Paul Eggert eggert at cs.ucla.edu
Thu Sep 16 07:10:39 UTC 2021

* NEWS: Mention possible successor to RFC 8536, and relaxation on
TZif reader’s restriction on gaps between leaps.
* tzfile.5: Improve wording on leap second expiration.  Specify
correction before truncated leap second table more accurately,
given how localtime.c behaves; for example, the first leap second
is considered to be positive if and only if its correction is
positive.  Say what to do after leap second table expires.  Add
TZ="XXX3EDT4,0/0,J365/23" example.  Say that positive leap seconds
not at end of localtime minute have not been a practical problem yet.
* tzfile.5, zic.8: Use \- (current font minus) instead of \(mi (math
font minus).
 NEWS     |  6 ++++-
 tzfile.5 | 77 ++++++++++++++++++++++++++++++++++++++------------------
 zic.8    |  2 +-
 3 files changed, 58 insertions(+), 27 deletions(-)

diff --git a/NEWS b/NEWS
index cc69995..00dea3c 100644
--- a/NEWS
+++ b/NEWS
@@ -86,7 +86,8 @@ Unreleased, experimental changes
     clients (including tzdb 2017c through 2021a) reject it, so
     "Expires" directives are currently disabled by default.  To enable
     them, set the EXPIRES_LINE Makefile variable.  If a TZif file uses
-    this new feature it is marked with a new TZif version number 4.
+    this new feature it is marked with a new TZif version number 4,
+    a format intended to be documented in a successor to RFC 8536.
     zic -L LEAPFILE -r @LO no longer generates an invalid TZif file
     that omits leap second information for the range LO..B when LO
@@ -98,6 +99,9 @@ Unreleased, experimental changes
     correction other than -1 or +1, and to contain adjacent
     transitions with equal corrections.  This supports TZif version 4.
+    The TZif reader now lets leap seconds occur less than 28 days
+    apart.  This supports possible future TZif extensions.

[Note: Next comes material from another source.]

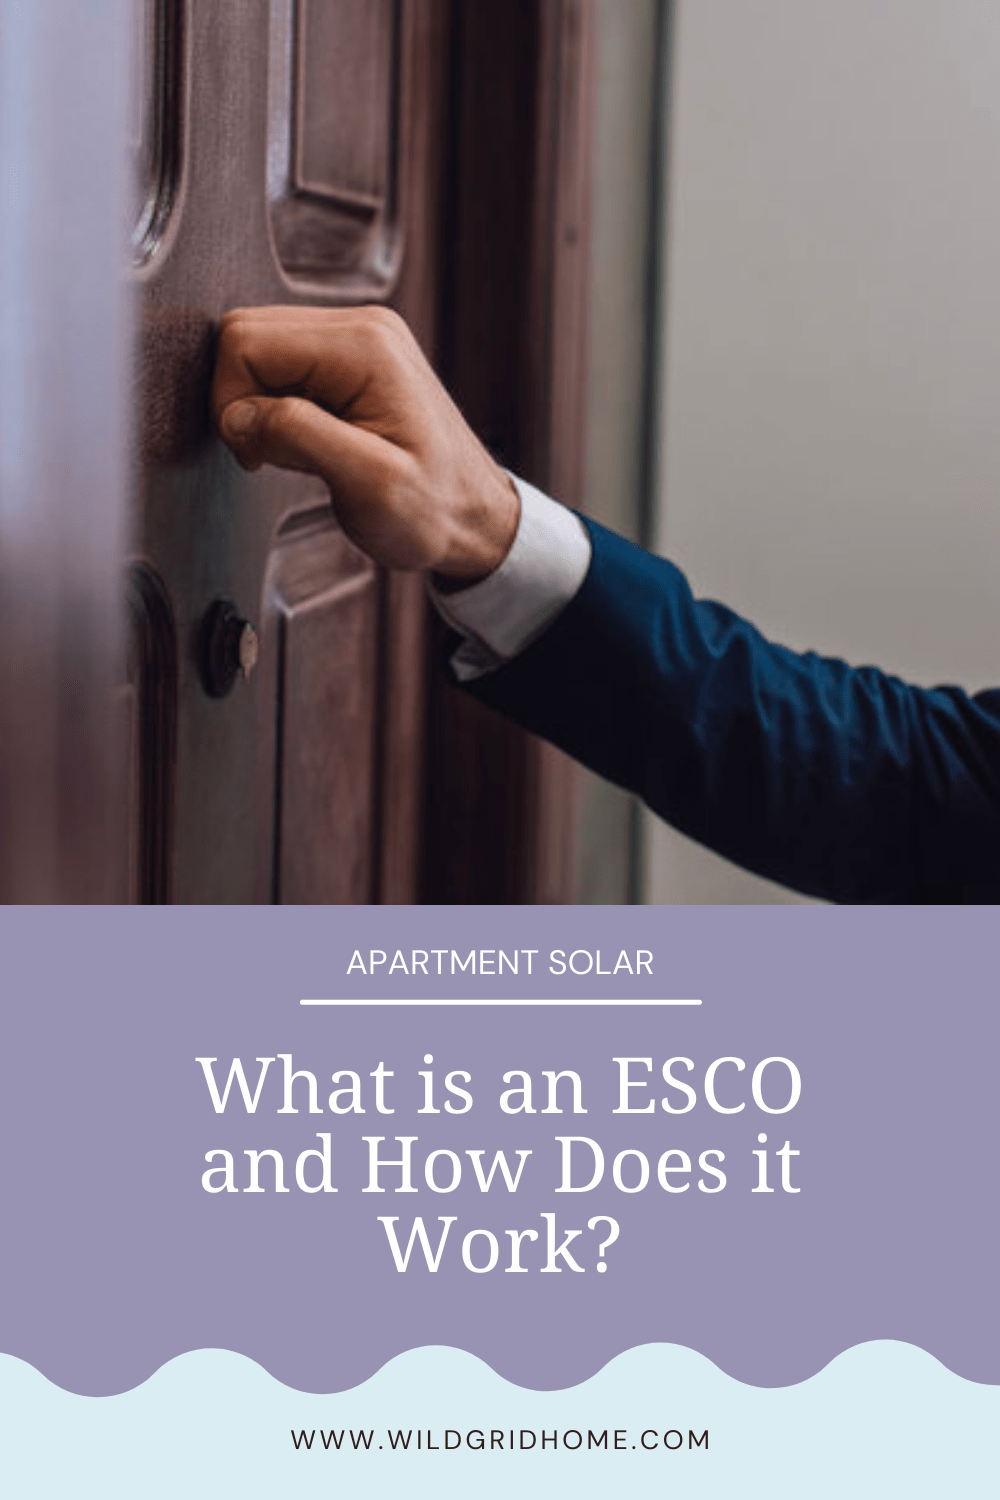 What is an ESCO and how does it work? - Wildgrid Home

     Fix bug that caused 'localtime' etc. to crash when TZ was
     set to a all-year DST string like "EST5EDT4,0/0,J365/25" that does
     not conform to POSIX but does conform to Internet RFC 8536.

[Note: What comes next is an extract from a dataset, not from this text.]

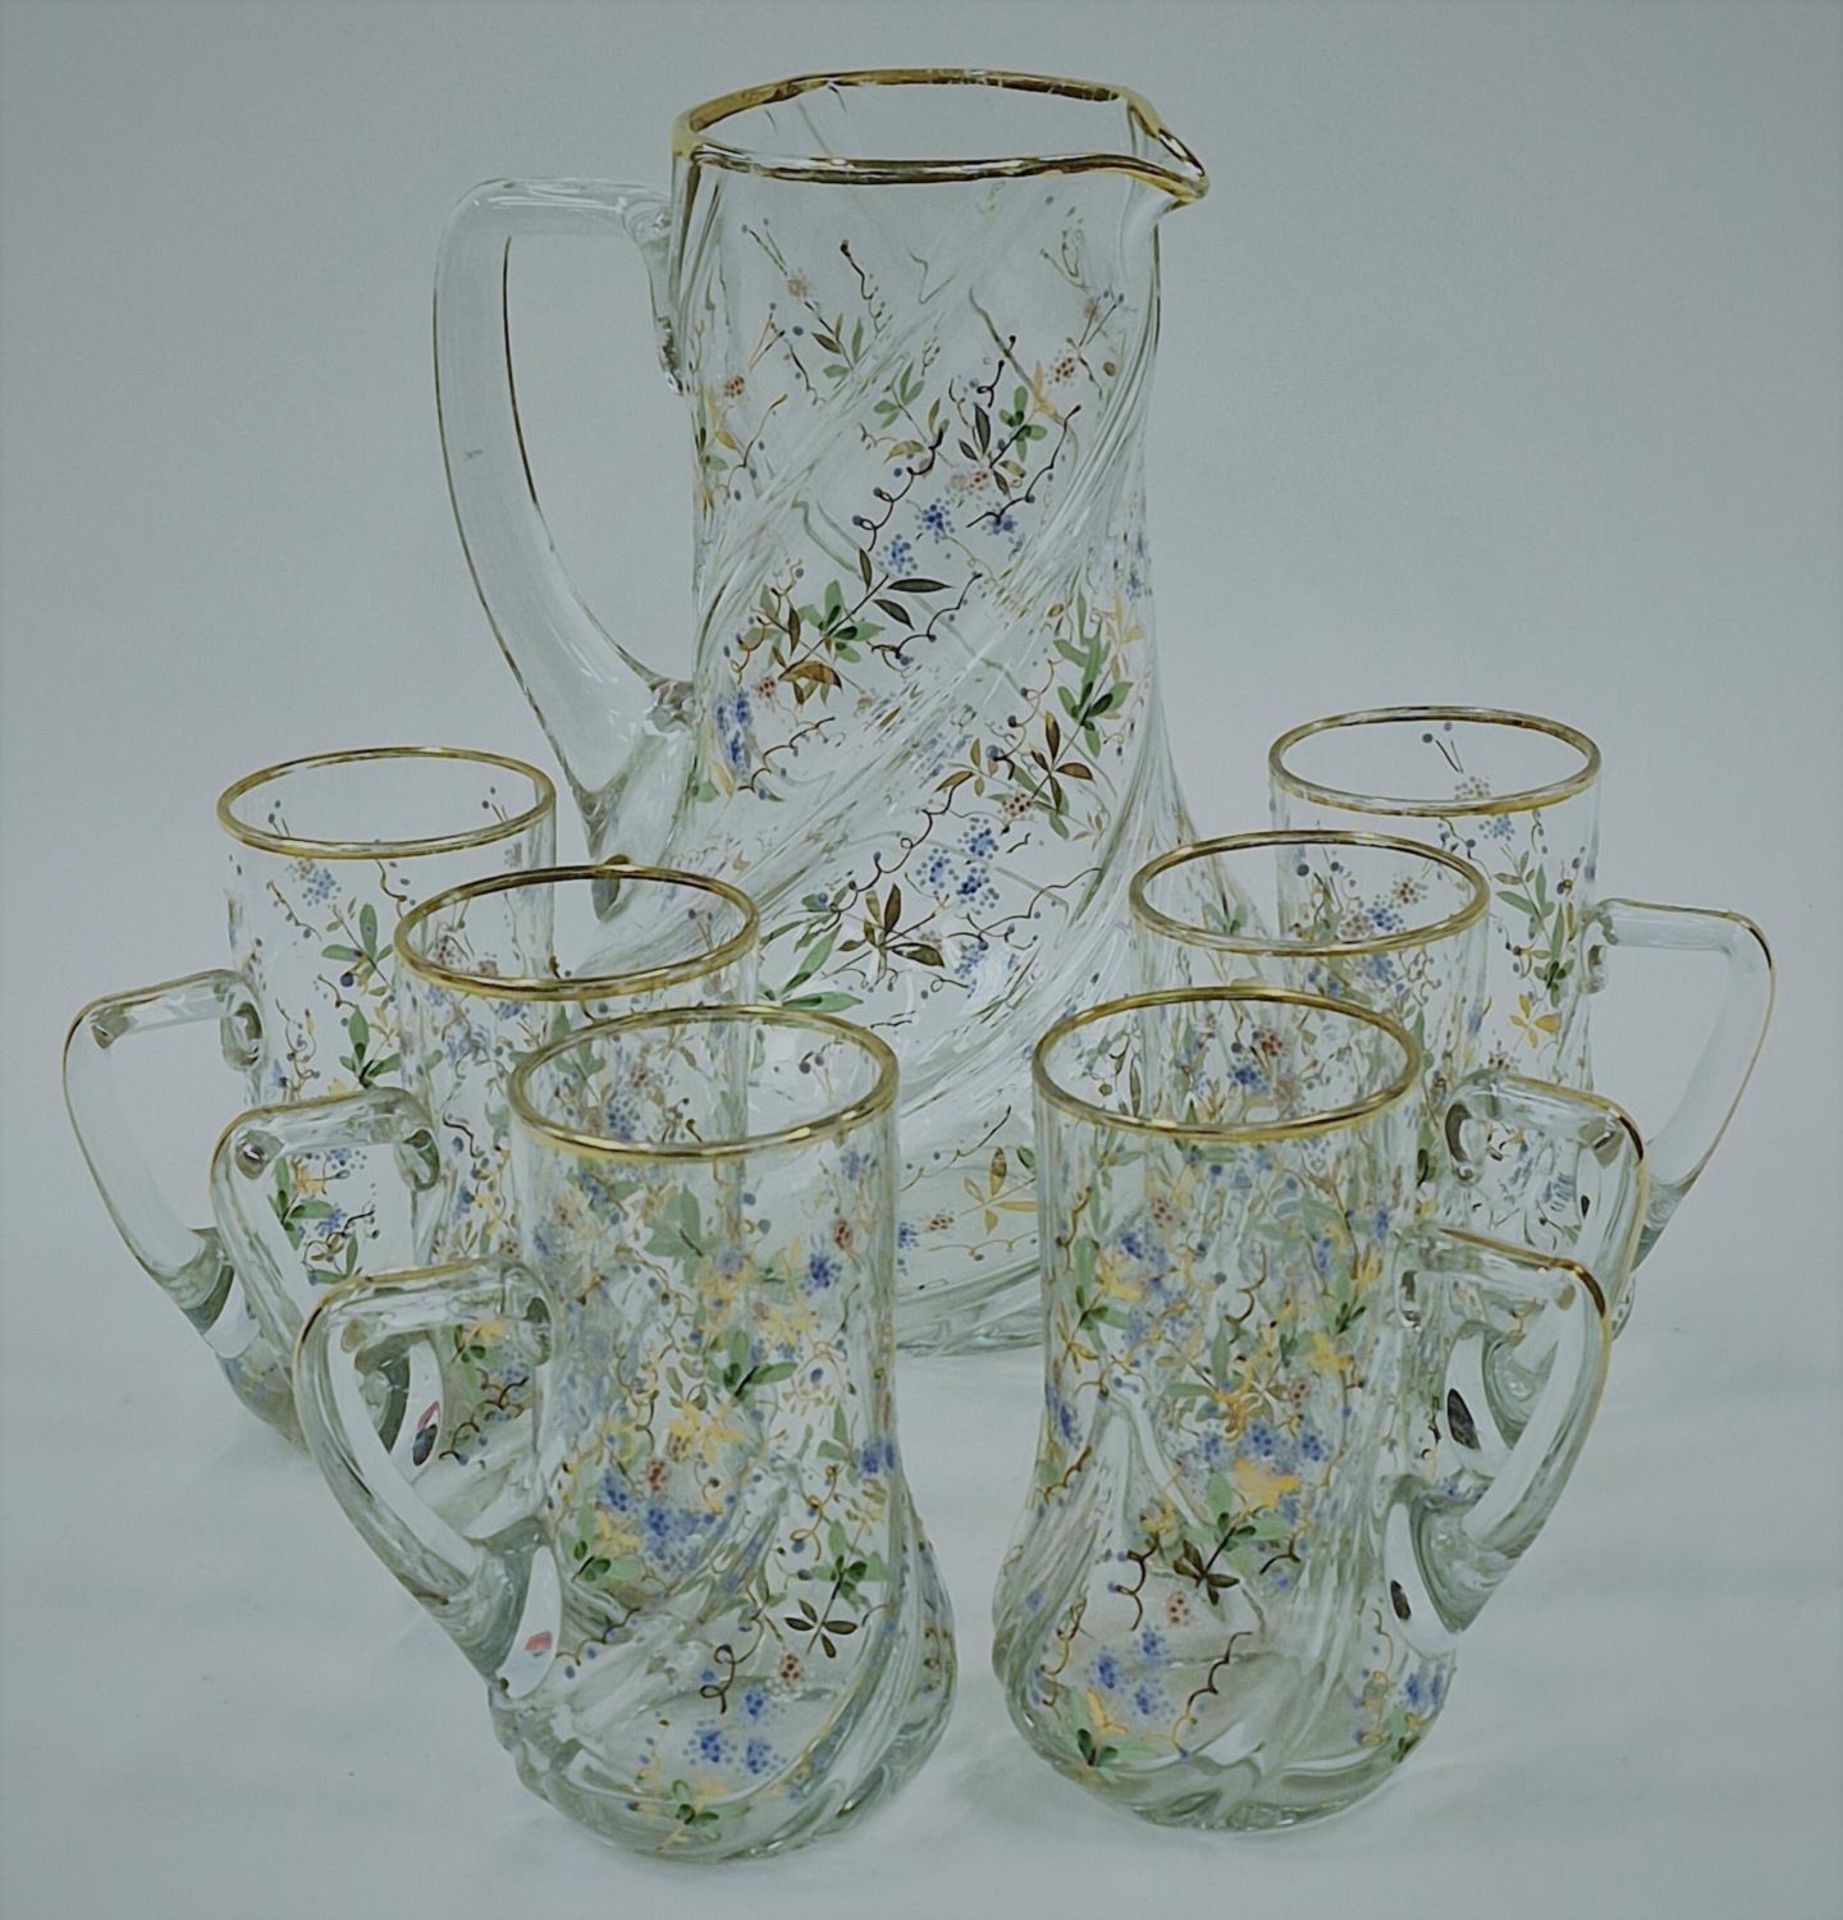 Vintage French mid 20th Century glass lemonade/drink set to include pitcher and six glasses with

diff --git a/tzfile.5 b/tzfile.5
index bab6390..b1932bd 100644
--- a/tzfile.5
+++ b/tzfile.5
@@ -142,16 +142,26 @@ pairs of four-byte values, written in network byte order;
 the first value of each pair gives the nonnegative time
 (as returned by
 .BR time (2))
-at which a leap second occurs;
+at which a leap second occurs or at which the leap second table expires;
 the second is a signed integer specifying the correction, which is the
 .I total
 number of leap seconds to be applied during the time period
 starting at the given time.
-The pairs of values are sorted in ascending order by time.
-Each transition is for one leap second, either positive or negative;
-transitions always separated by at least 28 days minus 1 second.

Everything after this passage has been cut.